The horror of this world. I once read something about Cézanne’s youth. Now, he was sensitive to horror, but you wouldn’t guess it from his later canvases. His early painting is violent, obsessive, sarcastic, grotesque, hostile to sexuality. One should remember that sex, like death, introduces a true, pitiless measure into a sphere where the deceptive colors of mellowness somehow manage to hang on.
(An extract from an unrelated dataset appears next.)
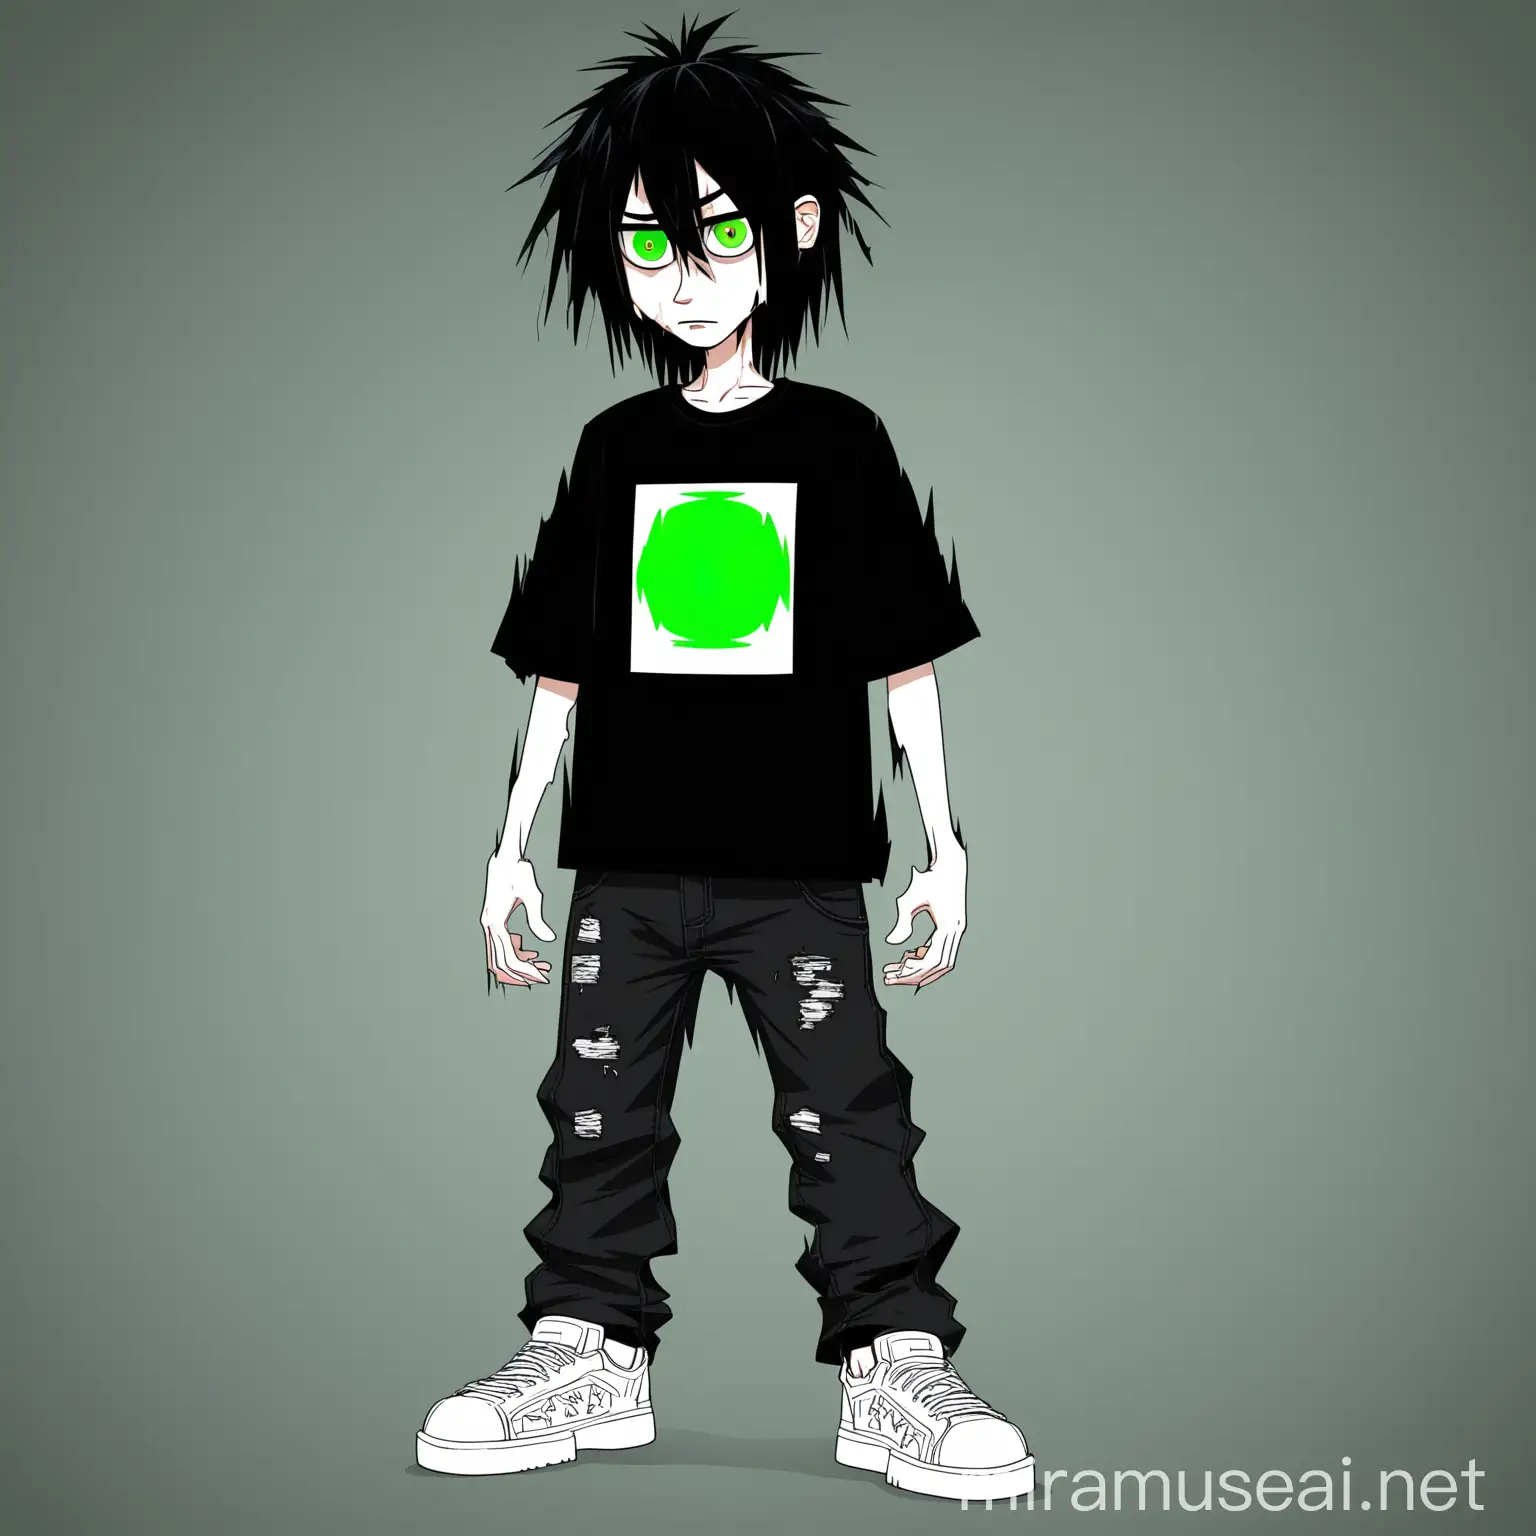 The cartoon depicts an emo boy, in the "T" position and in full height, wearing black baggy jeans and white low-top sneakers and a black oversize T-shirt. He has long dark hair, disheveled and unkempt, green eyes.do this in the form of a cartoon small polygonal 3D character in full height (the head is smoother and larger).

I am thinking of the Marquise Brie-Serrant and her daughter from my poem about the little town of Pornic. “Drunken men punished them for their pride.” To have their thighs forced apart and a revoltingly alien organ stuffed into their virginal vagina has been the fate, after all, of innumerable women from time immemorial. But the reverse is true, too—the terror experienced by innumerable young lads when confronted by the rapacious, perhaps toothed, maw of the female genitalia.
Whenever I see a daddy longlegs spider moving across a smooth floor on its long legs, or recall the dreamy but ominous movement of a snake as it coils, I think about my own death. To abandon this earth, sever my ties with it? How should I do this? How many more illnesses, or the slow ebbing of my strength, still await me? It’s better not to write about horror and to be satisfied that somehow or other I have isolated myself from it by praising tangible forms in spite of it, just like the mature Cézanne.